Pictures excluded, copy word for word the lines from the one holding "Vendu avec l'abat-jour" through the last line below.

>>>

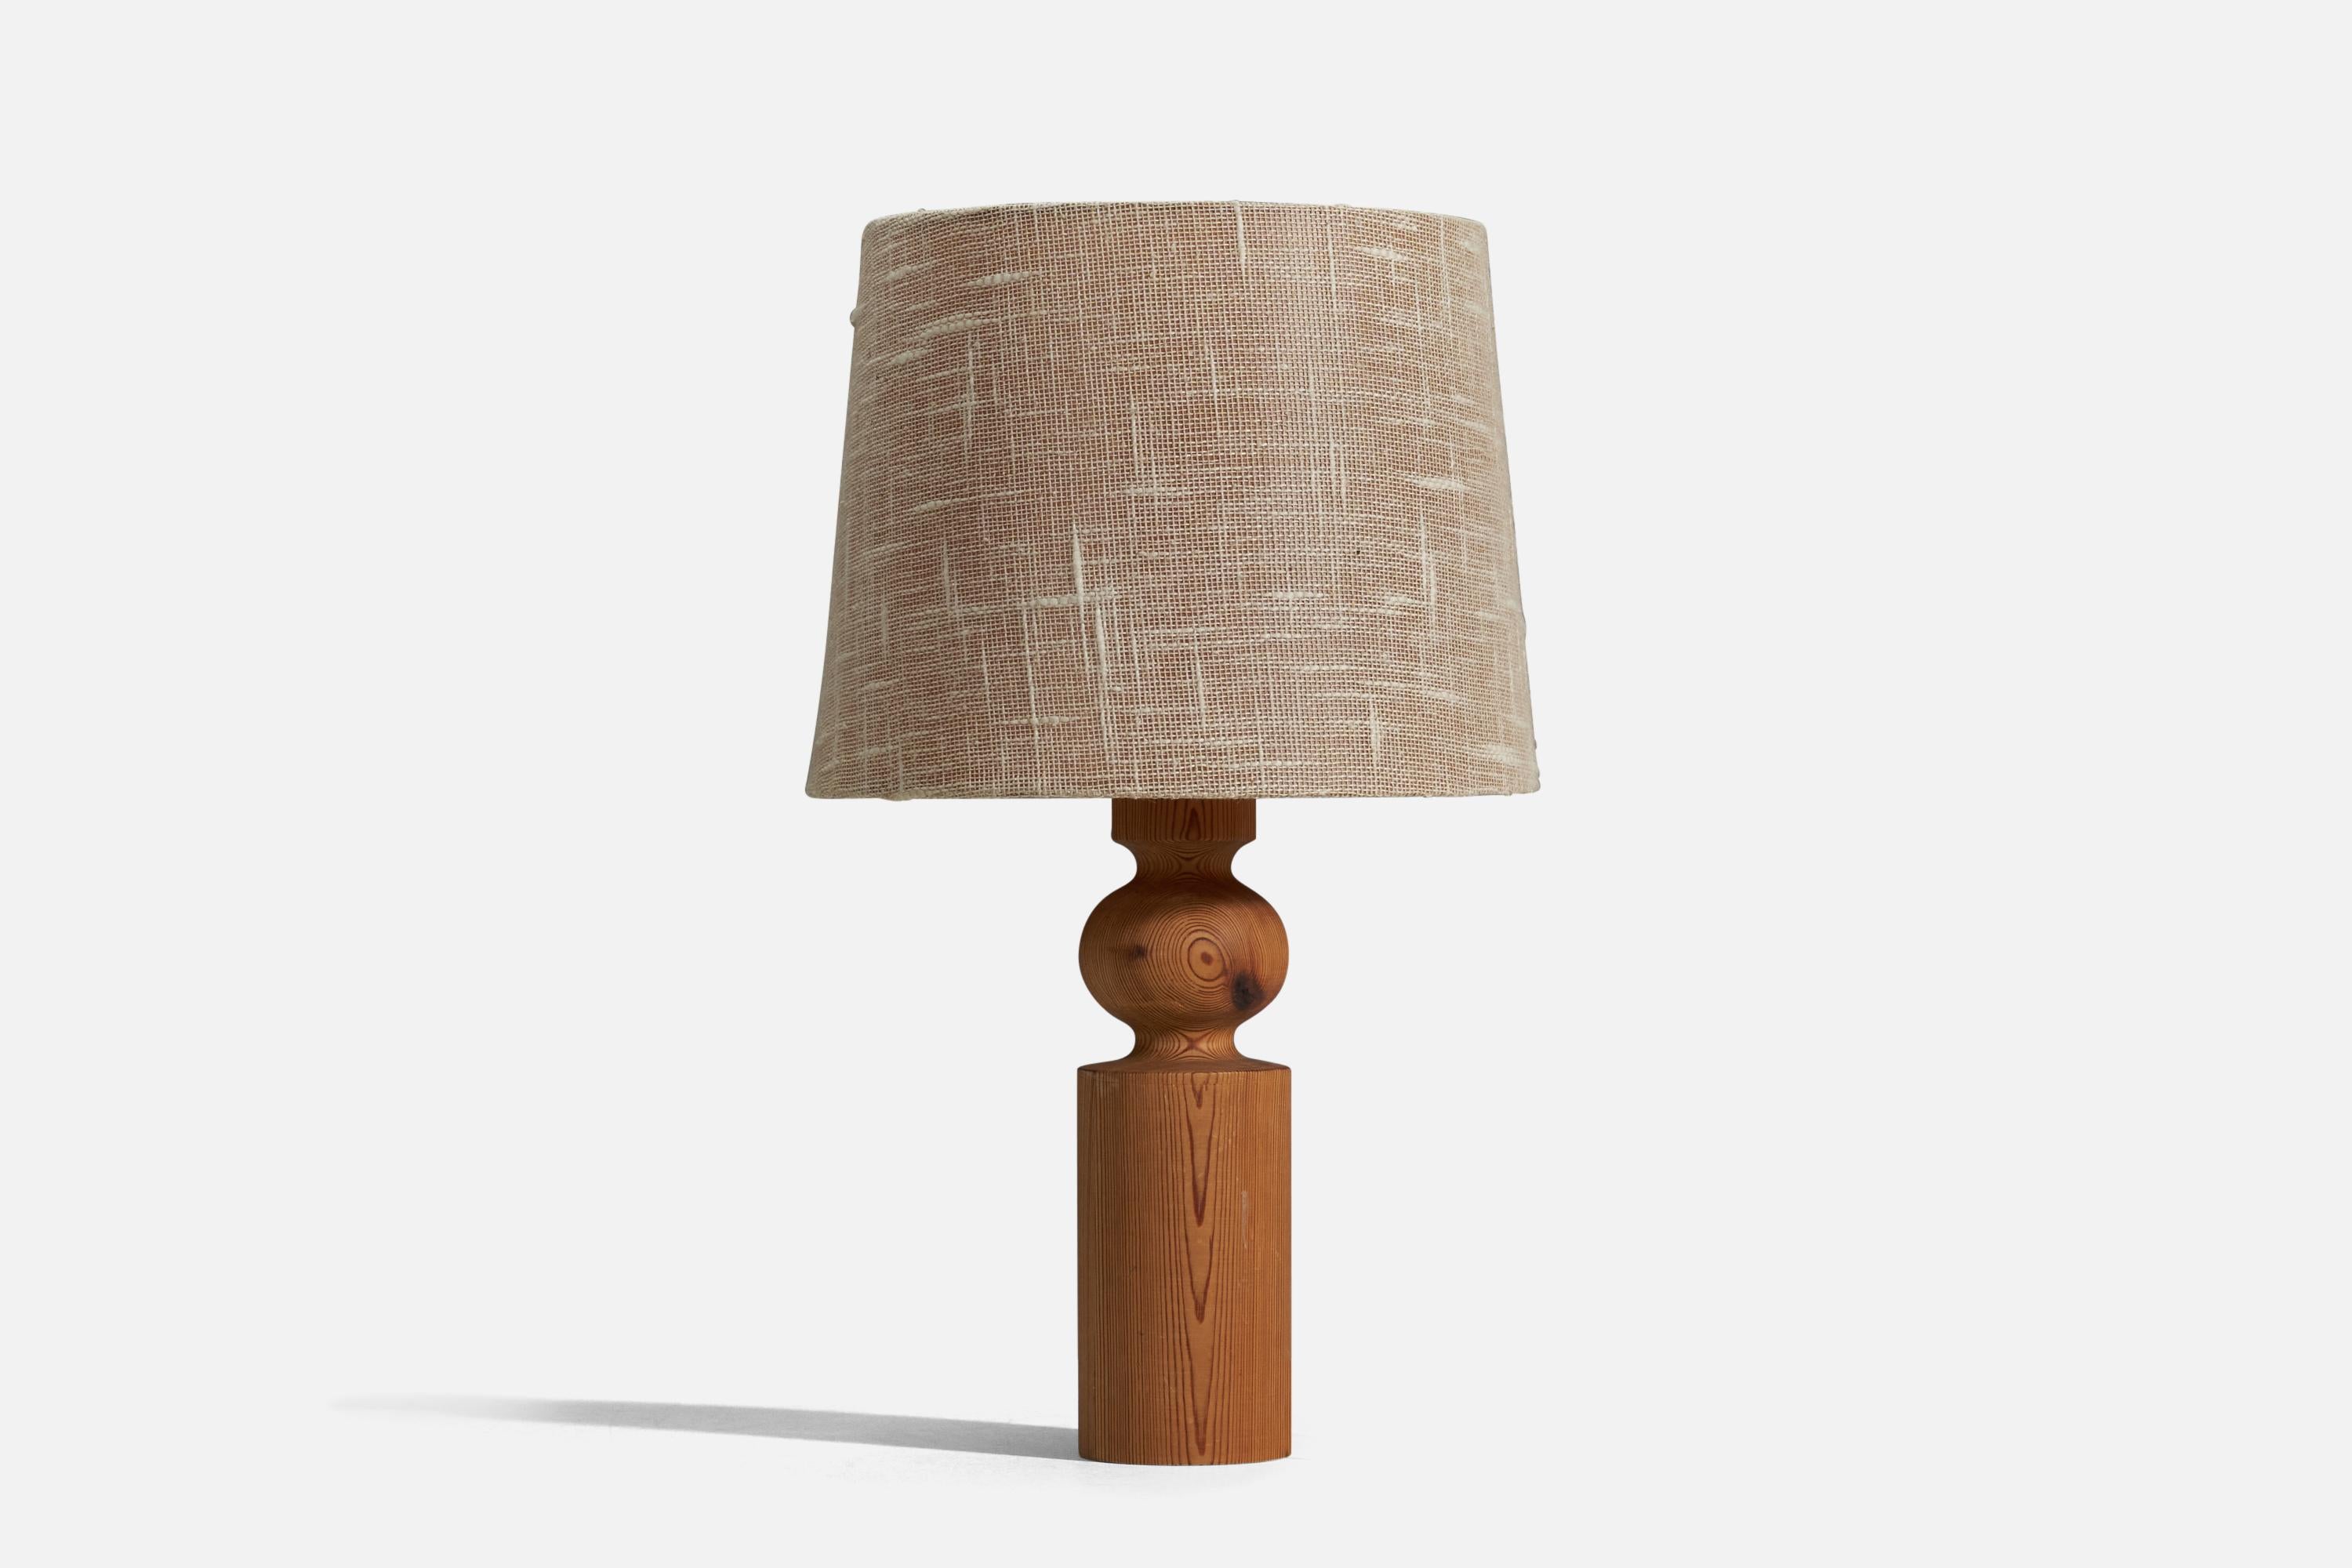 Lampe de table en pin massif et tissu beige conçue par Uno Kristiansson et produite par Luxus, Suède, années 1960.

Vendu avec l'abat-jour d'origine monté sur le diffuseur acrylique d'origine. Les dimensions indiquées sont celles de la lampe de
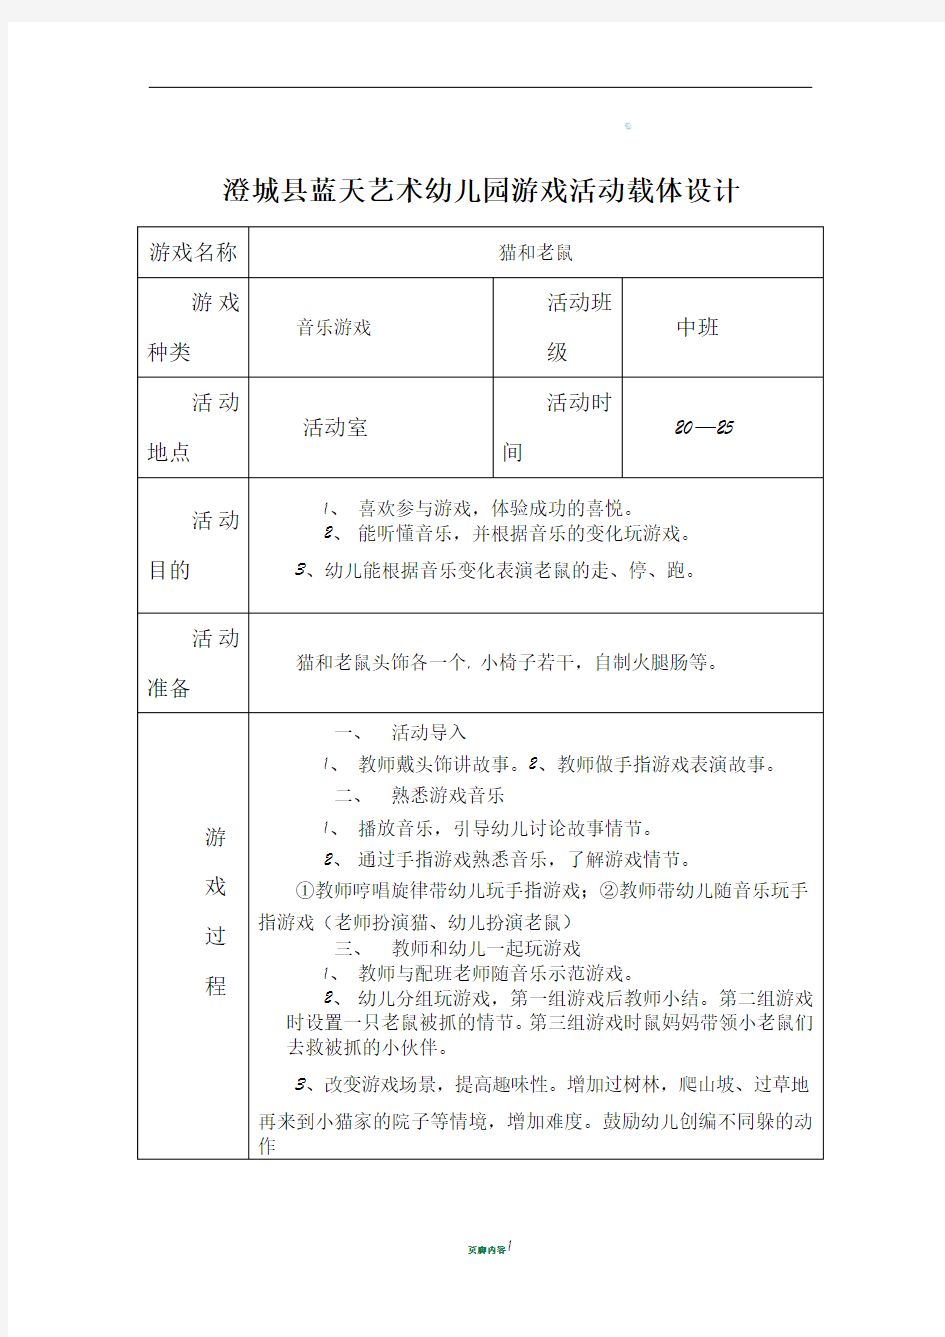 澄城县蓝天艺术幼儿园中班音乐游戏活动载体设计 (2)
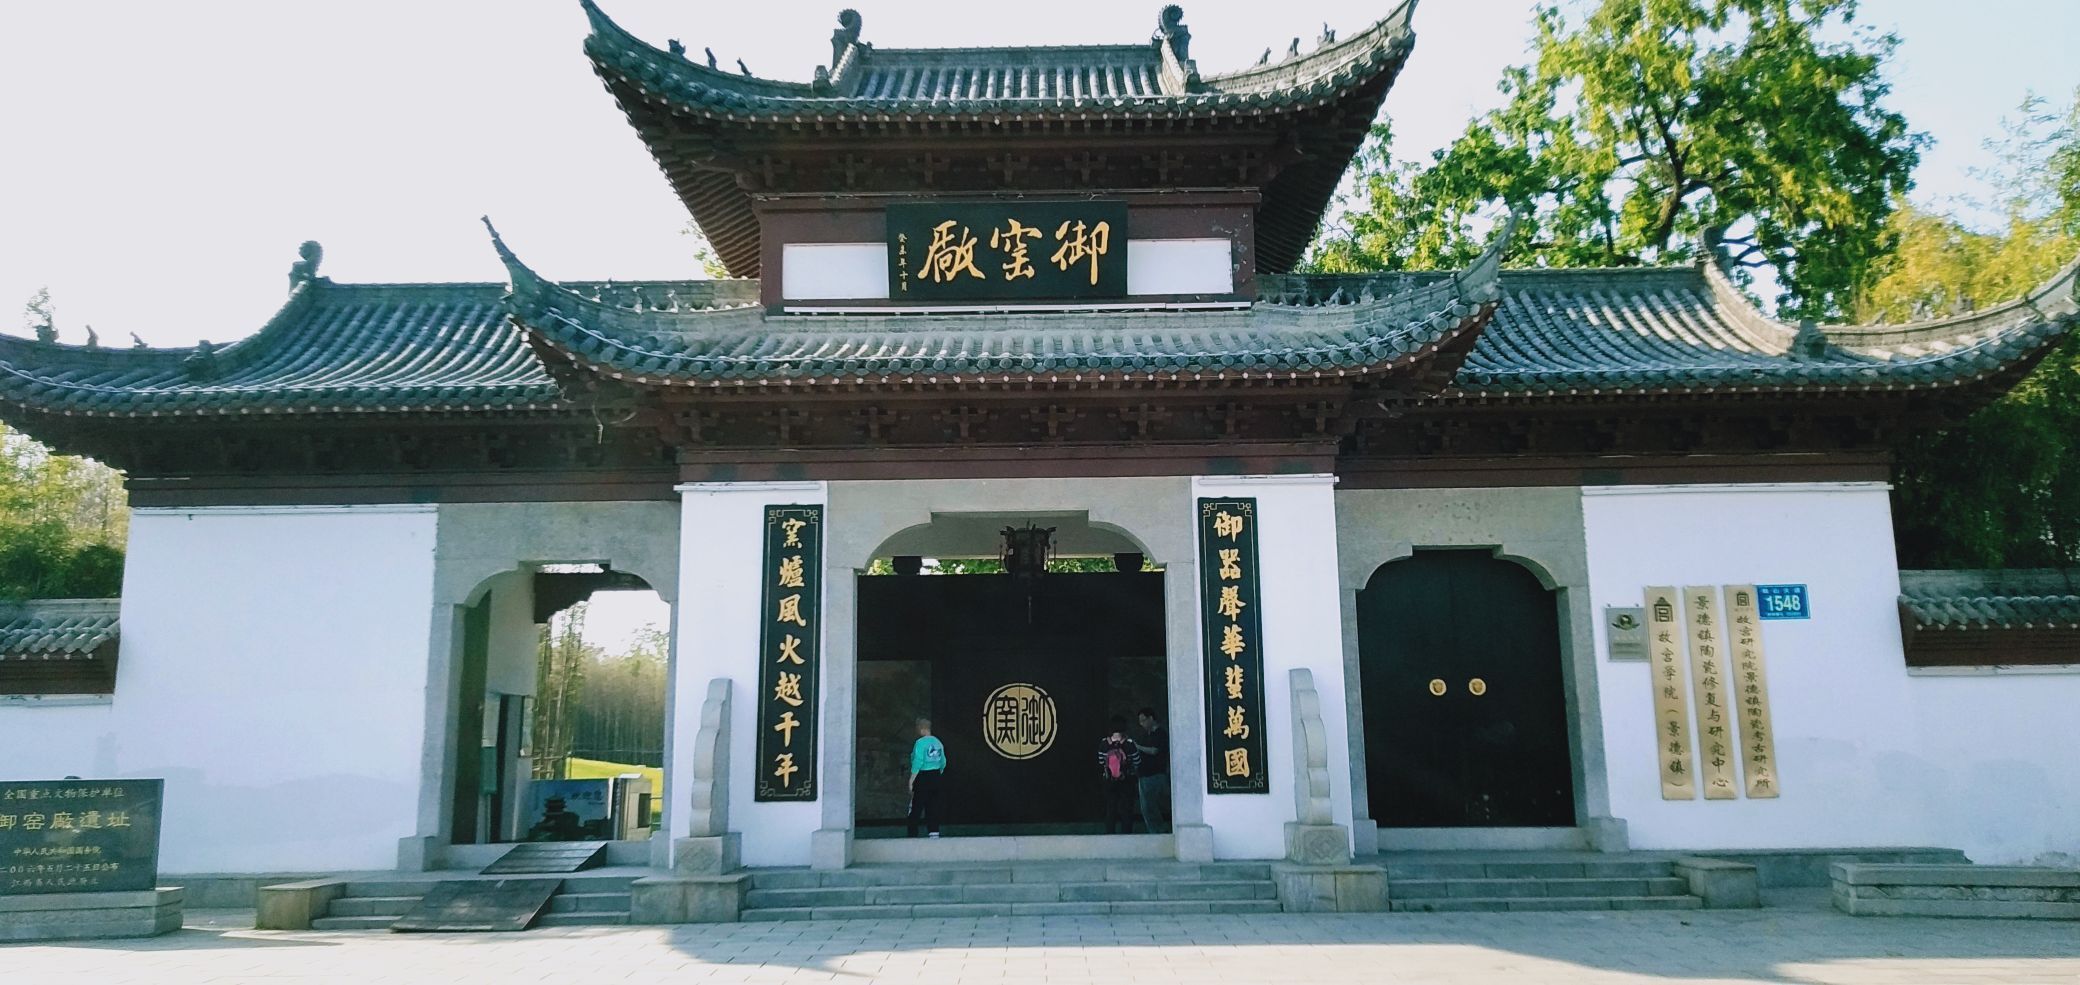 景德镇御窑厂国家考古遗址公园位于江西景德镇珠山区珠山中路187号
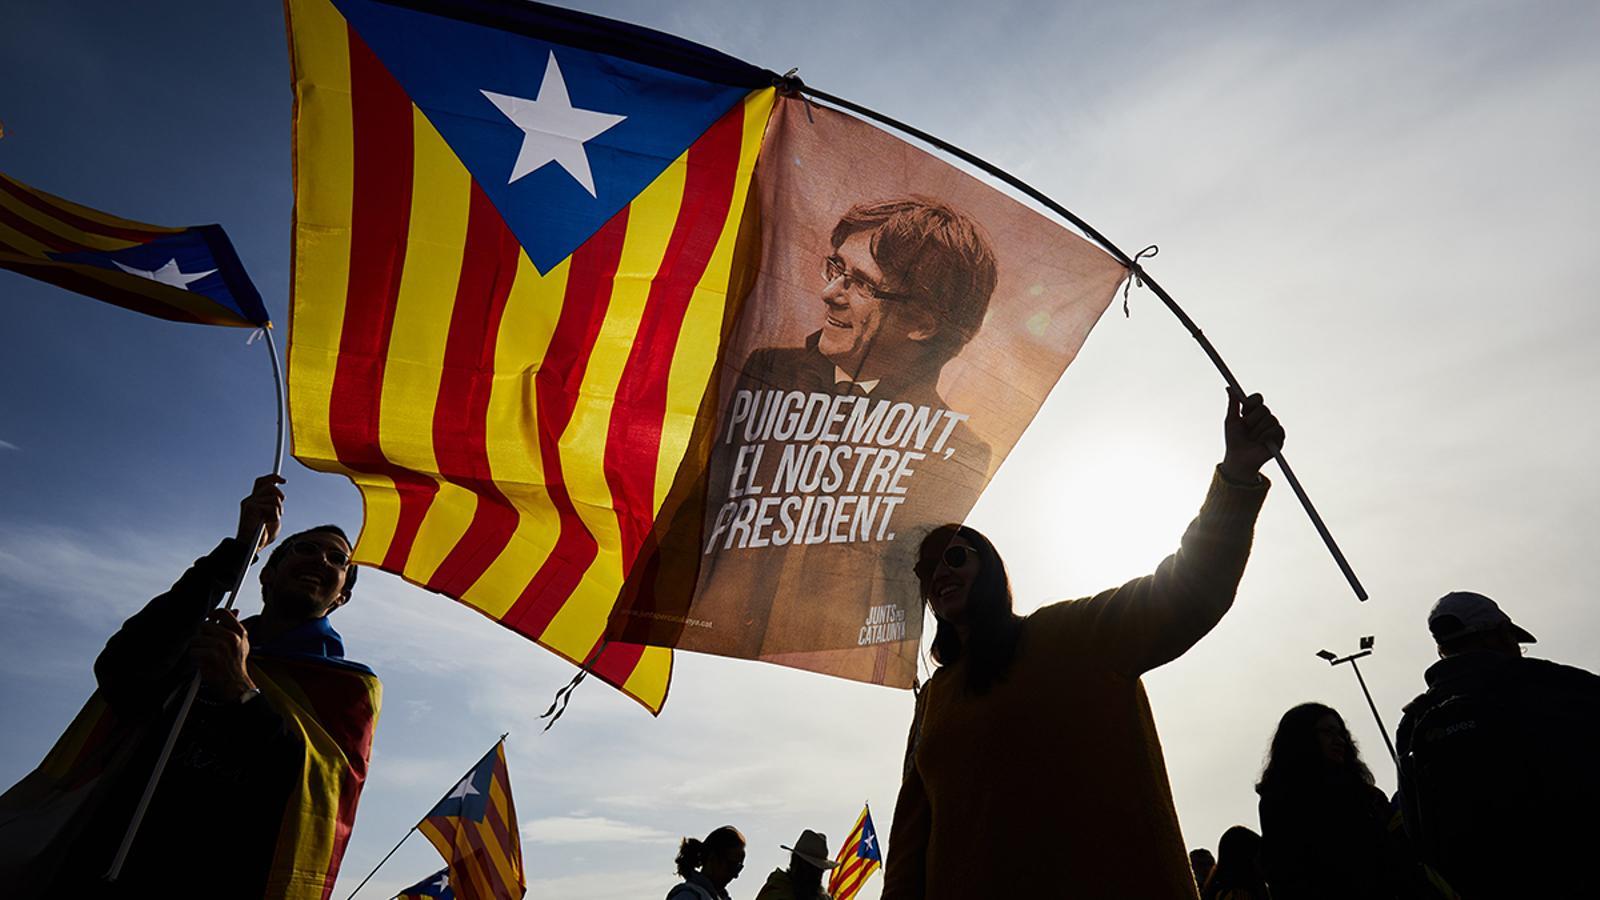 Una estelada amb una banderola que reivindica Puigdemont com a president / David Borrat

<<<

**Completed task:**
Vendu avec l'abat-jour d'origine monté sur le diffuseur acrylique d'origine. Les dimensions indiquées sont celles de la lampe de
 澄城县蓝天艺术幼儿园中班音乐游戏活动载体设计 (2)
 景德镇御窑厂国家考古遗址公园位于江西景德镇珠山区珠山中路187号
 Una estelada amb una banderola que reivindica Puigdemont com a president / David Borrat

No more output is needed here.